Portland's Brandon Roy will be sidelined indefinitely due to his ailing knees and the Trailblazers are contemplating shutting him down for the remainder of the season. As previously discussed, Roy is suffering from chronic inflammation that is the result of deteriorated cartilage in his knees. His menisci are virtually nonexistent and both femurs are making direct contact with his lower leg bones resulting in bone-on-bone grinding. The condition is painful and results in significant inflammation best treated with rest and anti-inflammatory medication. The Blazers have not ruled out surgery and the dreaded word microfracture has been tossed around, the same procedure that ended the season of teammate Greg Oden. The situation is difficult for fantasy owners because it is hard to cut ties with a player of Roy's potential. However it doesn't sound like he will be playing anytime soon and it may be time to consider dropping Roy. Wesley Matthews continues to play well in Roy's absence.

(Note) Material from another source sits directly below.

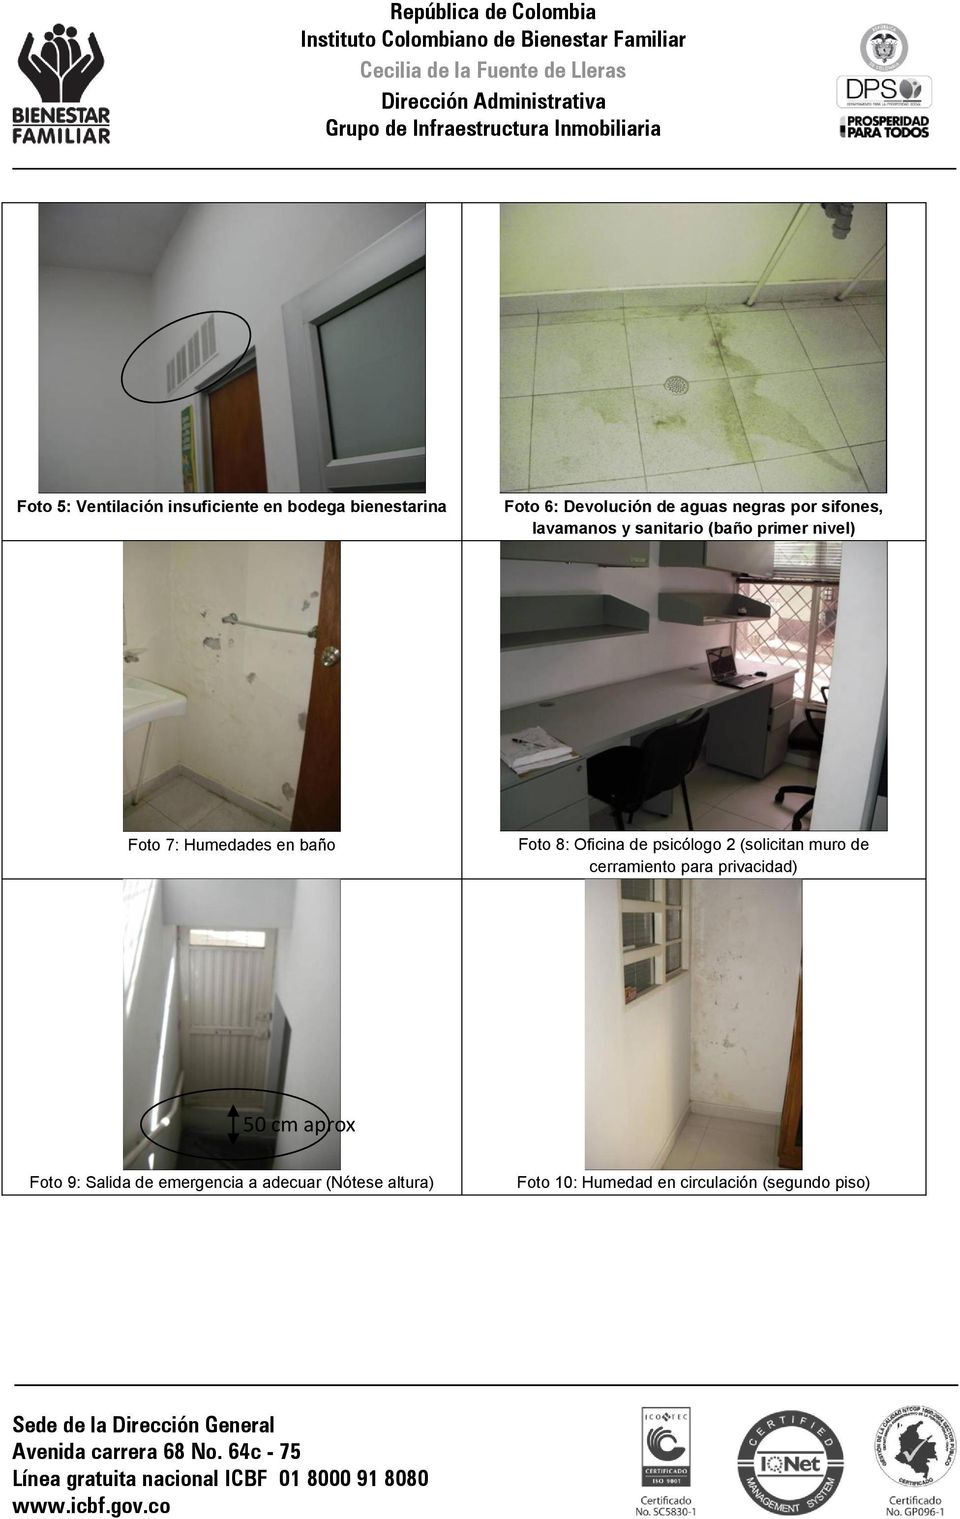 Oficina de psicólogo 2 (solicitan muro de cerramiento para privacidad) 50 cm aprox Foto 9:

Charlotte power forward Tyrus Thomas was one of many Bobcat players to benefit from a coaching change. In his one game played since Larry Brown resigned and Paul Silas was hired, Thomas scored 14 points on 5-of-9 shooting with four rebounds, two assists, one steal, and five blocks. However a sprained wrist has slowed the explosive big man and he is expected to miss Friday's contest with the injury. Wrist sprains are a common injury but very difficult to manage. Ligaments are located on both the anterior and posterior aspect of the joint. These ligaments not only brace the joint but also protect and stabilize the various blood vessels and tendons in the area. Repeated injury can disrupt the flow of blood, decreasing the blood supply to the hand and carpal bones. Taping can help support the injury site by limiting range of motion but this can negatively effect a player's shooting mechanics. Look for Thomas to miss a game or two more and return with the injury heavily taped. Expect a slight decrease in productivity initially as he adjusts to the tape or brace.